The decision is significant for disputes and reassures businesses they can obtain legal advice on sensitive matters without worrying about confidentiality. The principle of ‘legal professional privilege’ in a client’s communications with their lawyers led the Law Society of England and Wales to intervene in the case of The Serious Fraud Office v Eurasian Natural Resources Corporation Ltd (SFO v ENRC).

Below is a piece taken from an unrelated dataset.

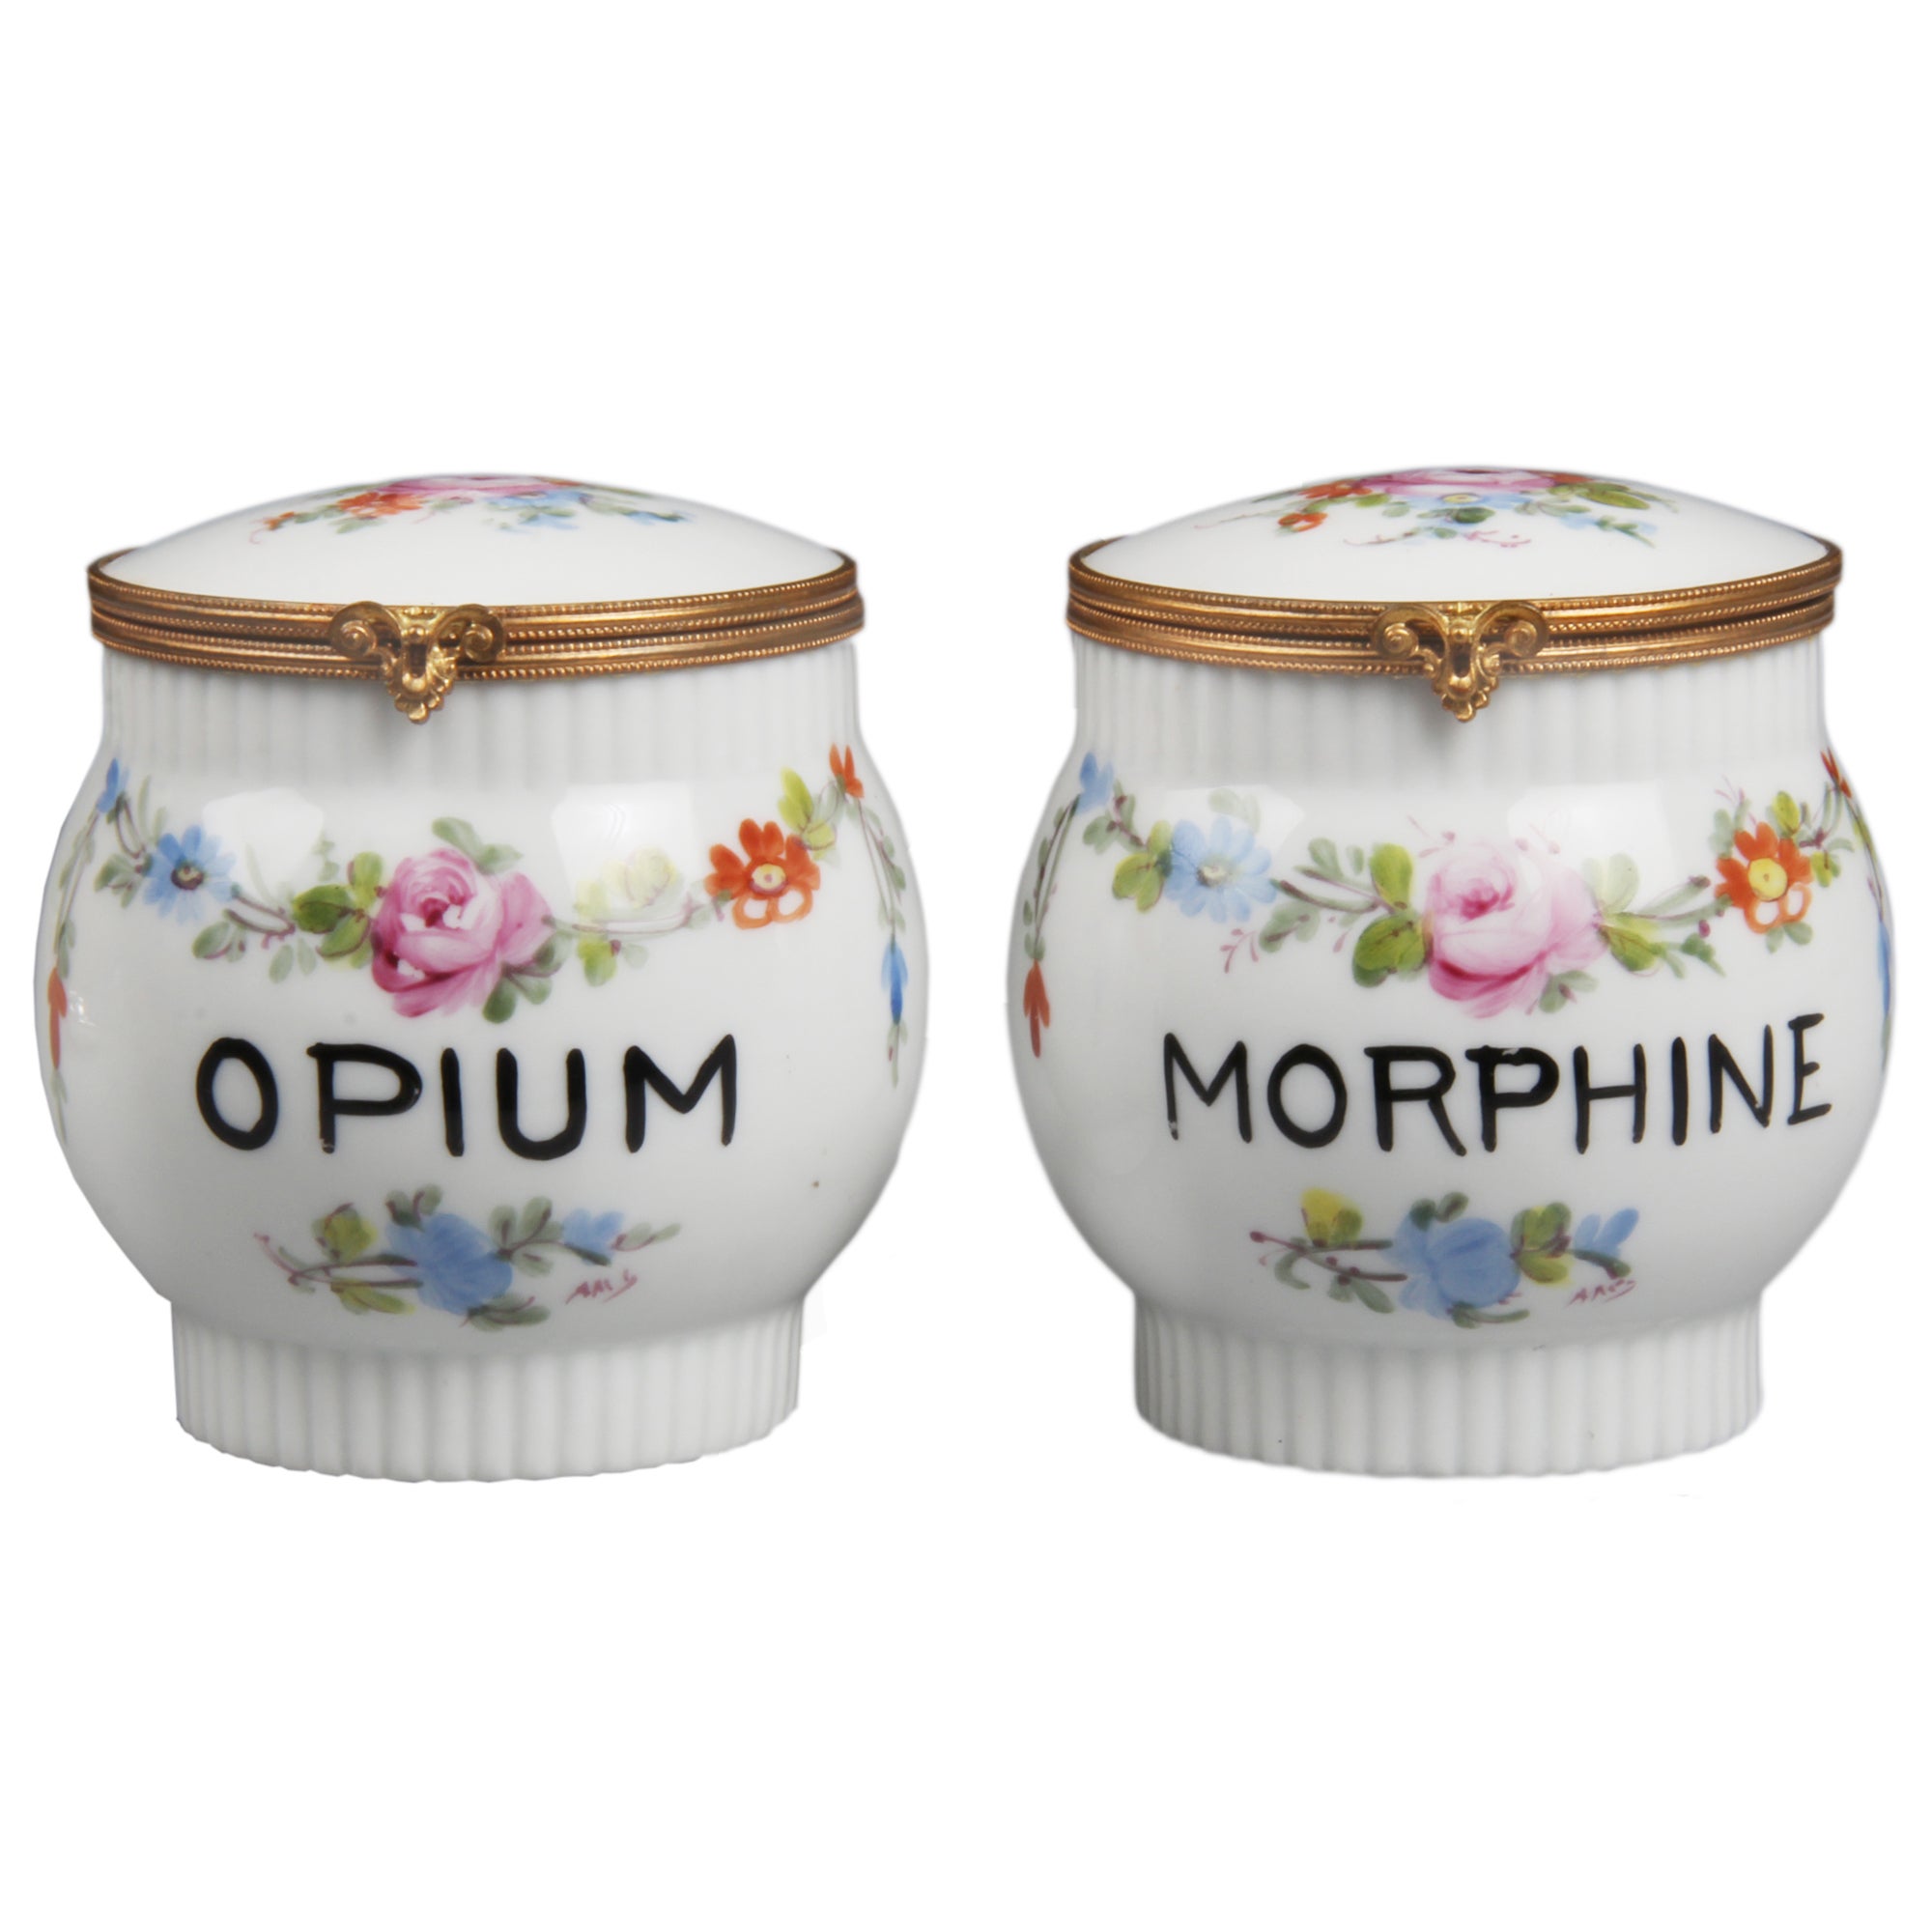 Limoge Opium And Morphine Porcelain Jars with a Floral Motif

Law Society president Christina Blacklaws said, ‘maintaining confidentiality and trust between a client and their legal adviser is fundamental to our legal system,’ adding ‘as a result of this ruling an individual or organisation facing criminal prosecution can be far more confident that discussions with their solicitors will remain confidential.’ Ms Blacklaws explained, ‘if the High Court ruling had been upheld, any organisation facing a prosecution, not just multinationals, but charities, newspapers, small businesses or local authorities, could have to turn over private communications with their lawyers.

Historic ruling

Hogan Lovells was instructed to represent ENRC following the first instance decision, and successfully argued that documents prepared during an internal investigation are protected by litigation privilege. Michael Roberts, Partner at Hogan Lovells representing ENRC commented ‘this historic ruling by the Court of Appeal is significant not just for ENRC but for any company faced with undertaking an internal investigation in response to a whistleblower or other allegation of wrongdoing. It is critical that companies are not penalised for acting responsibly, and are able to instruct lawyers to conduct investigations without fear that the authorities will later be able to demand all of the lawyers' work product.  Following this ruling, it will remain for the company to decide whether, and to what extent, it is prepared to waive privilege.’